A história do queijo[1] remonta há tempos antiquíssimos[2] e, como tal, está ligada à história da domesticação dos animais. Os antigos gregos creditavam a descoberta do queijo a Aristeu, rei da Arcádia, filho de Apolo e Cirene, há cerca de 12.000 anos. Antigamente chamado de leite solidificado, o queijo tem sido utilizado ao longo do tempo como uma forma de preservação do leite. Relatos de achados arqueológicos revelam a existência de queijos feitos a partir de leite de vaca e de cabra, desde 6.000 anos a.C. e em escritos de Aristóteles há referência também de queijos derivados de leite de égua e jumenta. Murais em tumbas egípcias mostram cenas de consumo, fabricação e veneração de queijo no Antigo Egito e a Bíblia cita-o no Velho Testamento. Aliás foi na Idade Média, pela atuação de Monges Católicos, que se aprimorou a higiene na fabricação e conservação de queijos.
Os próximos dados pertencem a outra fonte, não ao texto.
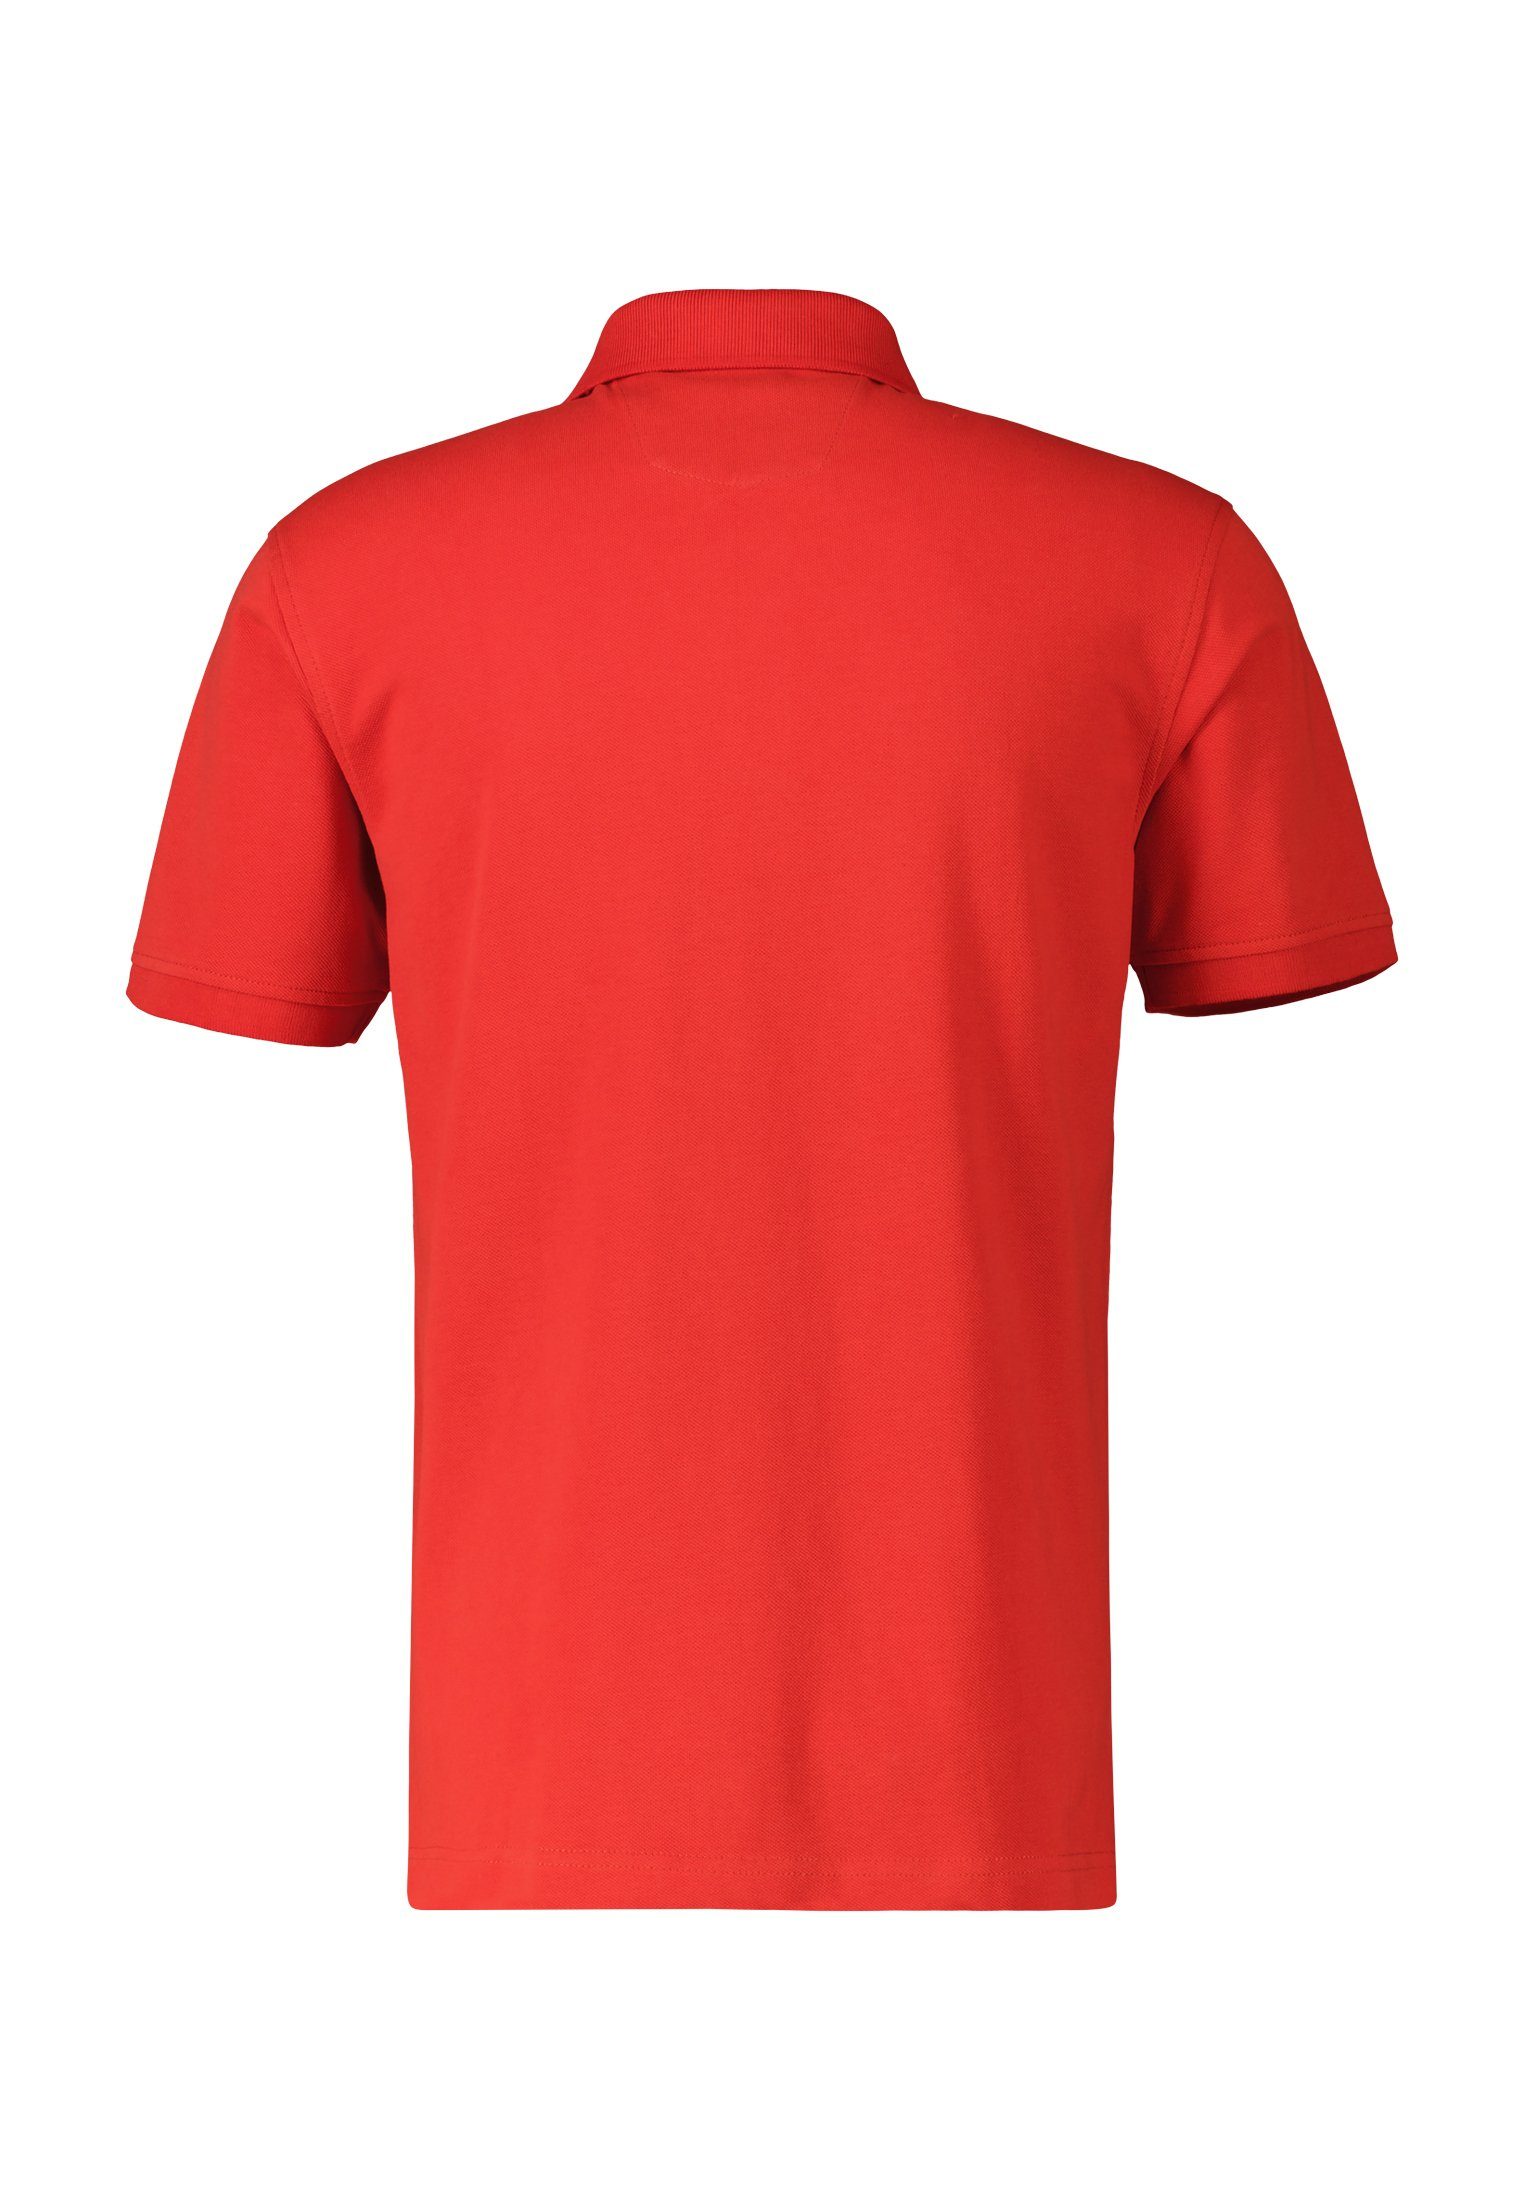 LERROS Poloshirt vielen Polo-Shirt in LAVA LERROS Farben RED Basic

Esse produto atravessou diferentes civilizações, modos de produção, burgos, feiras, centros e rotas comerciais importantes, como as cidades de Mégara (667 a.C.), Bizâncio (330 d.C.) e Constantinopla (1453 d.C.), a atual Istambul. Em 1837 Louis Pasteur chamou a atenção do mundo, demonstrando que o azedamento do leite era provocado por micro-organismos. Em 1921 a New York State Agricultural Experiment Station empregou de forma rotineira cortes histológicos em queijos, corados com azul de metileno, para a determinação do número de bactérias.
No ano de 1952 Getúlio Vargas assinou o decreto que aprovava o primeiro Regulamento de Inspeção Industrial e Sanitária de Produtos de Origem Animal (RIISPOA), tornando obrigatória a inspeção e a pasteurização do leite para consumo humano. A lei 5.517/1968 impera que é da competência privativa do Médico Veterinário a assistência técnica e sanitária aos animais sob qualquer forma, em consonância com a jurisprudência atual que determina aos estabelecimentos cuja atividade básica seja a utilização de insumos de origem animal, tais como laticínios, ter como responsável técnico um Médico Veterinário na condução dos trabalhos.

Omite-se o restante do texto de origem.